Cloud-native framework for federated learning, designed with privacy and security at its core

In the roots academy session of March 2023, a group of Data & Cloud engineers and ML engineers collaborated together to deliver a cloud-native framework for healthcare data analysis, designed with privacy and security at its core; federated learning framework for healthcare.

In this blog, we introduce the problem, the goals of the project as well as the architecture proposed as the solution. The solution consists of a fully operational, federated learning framework for healthcare data analysis.

Introduction of the Problem

The healthcare industry is undergoing a major transformation thanks to the power of big data and artificial intelligence (AI). With the advent of cloud computing, it is now possible to process and analyse vast amounts of medical data to deliver personalised, patient-centric care.
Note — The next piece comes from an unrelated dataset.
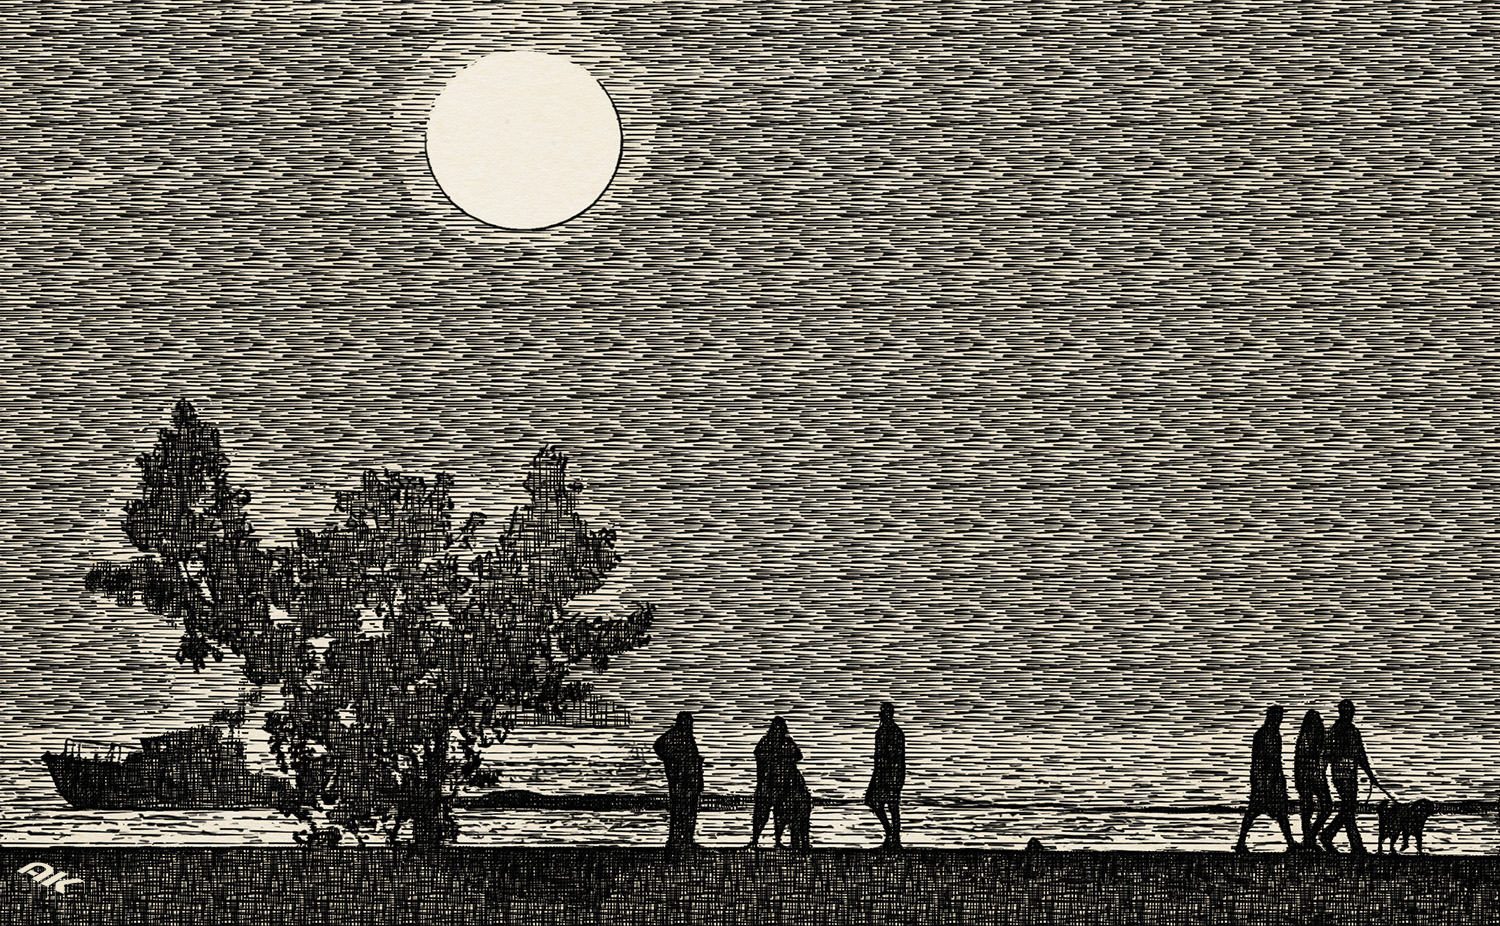 Silhouettes-Engraving-5-copyright-andrew-knutt

However, there are still significant challenges that must be overcome to fully realise the potential of new technologies.
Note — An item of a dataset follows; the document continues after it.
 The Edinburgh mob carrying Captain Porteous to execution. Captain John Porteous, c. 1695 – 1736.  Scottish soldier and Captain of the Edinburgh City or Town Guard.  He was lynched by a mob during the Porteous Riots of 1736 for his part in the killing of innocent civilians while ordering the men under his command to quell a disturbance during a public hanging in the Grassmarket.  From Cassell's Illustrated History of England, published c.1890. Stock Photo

One of the most pressing issues is how to protect patient privacy while still making use of their data. Healthcare data is incredibly sensitive, and it is critical that patient privacy is maintained at all times. Secondly, another obstacle is that, for some diseases, hospitals have a limited amount of cases (low caseload), making it difficult for data teams to build effective models. While cloud computing has facilitated the processing and analysis of massive volumes of data, hospitals continue to face data availability challenges. This can make training accurate models that can be used to make data-driven decisions difficult. Additionally, the healthcare industry is also facing challenges related to data interoperability. Health systems often use different electronic health record (EHR) systems, making it difficult to share data across different systems. This can limit the ability of healthcare providers to leverage big data and AI to improve patient outcomes.

Our Solution

Enter federated learning, a cutting-edge approach to machine learning that allows multiple parties to collaborate on a model without sharing sensitive data. Federated learning enables healthcare professionals to leverage the power of AI and big data while preserving patient privacy, making it a key enabler of personalised healthcare and precision medicine. At the heart of this innovation is a cloud-native framework designed specifically for healthcare. This framework enables healthcare professionals to build and deploy federated learning models quickly and easily, without the need for specialised expertise in machine learning or data science.
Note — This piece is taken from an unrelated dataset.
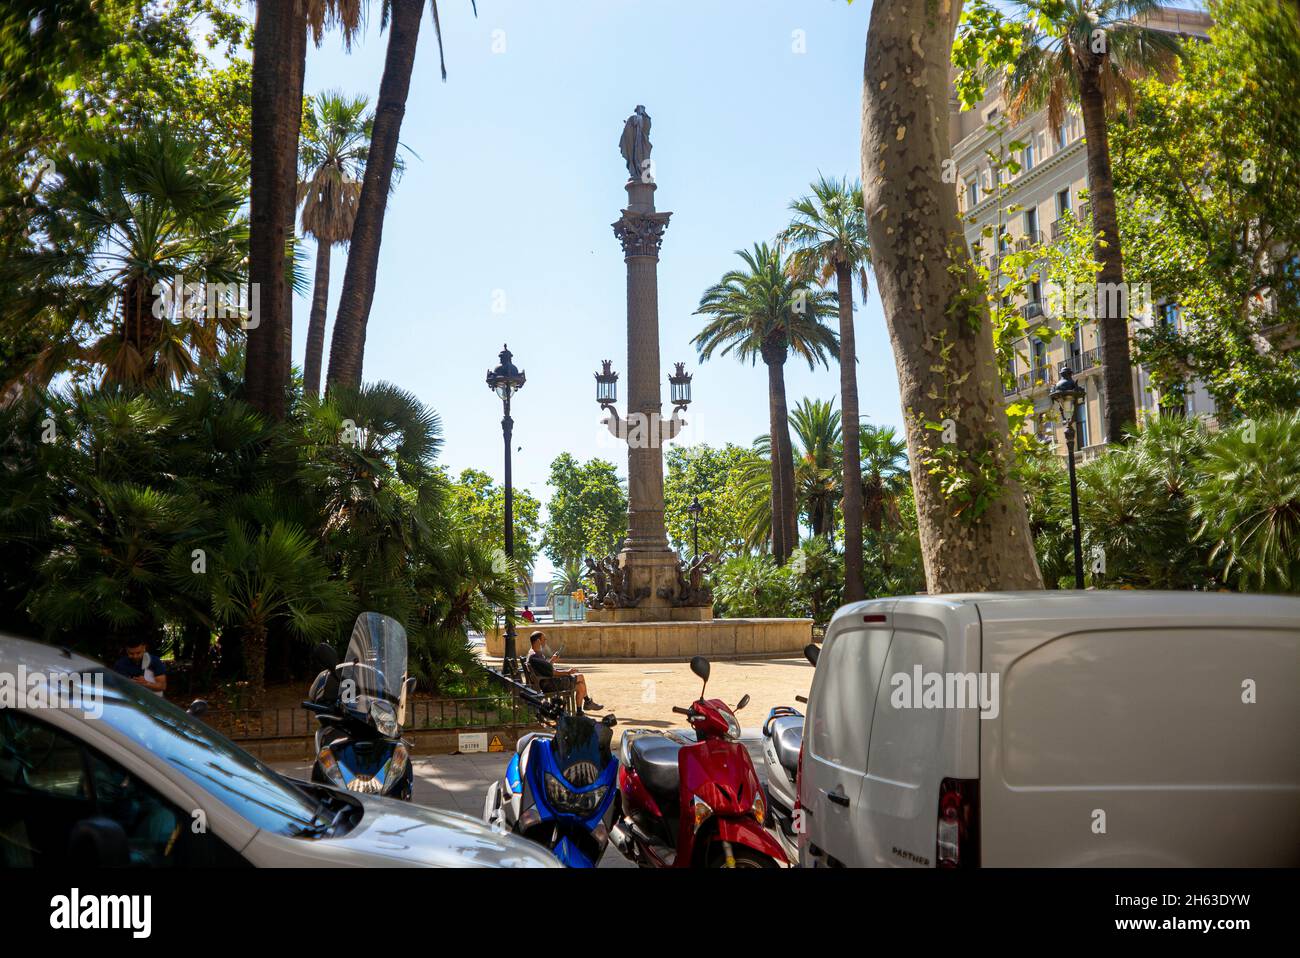 statue at plaça del duc de medinaceli. impressions of barcelona - a city on the coast of northeastern spain. it is the capital and largest city of the autonomous community of catalonia,as well as the second most populous municipality of spain. Stock Photo

With this framework, healthcare professionals can estimate treatment impacts on clinical outcomes without ever exposing sensitive patient data. This is a game-changer for the industry, as it enables data-driven decision-making at scale while also ensuring that patient privacy is protected.

Before we jump into describing in detail the framework for federated learning which we propose, here is a quick refresher on what exactly is federated learning and who can reap benefits out of it.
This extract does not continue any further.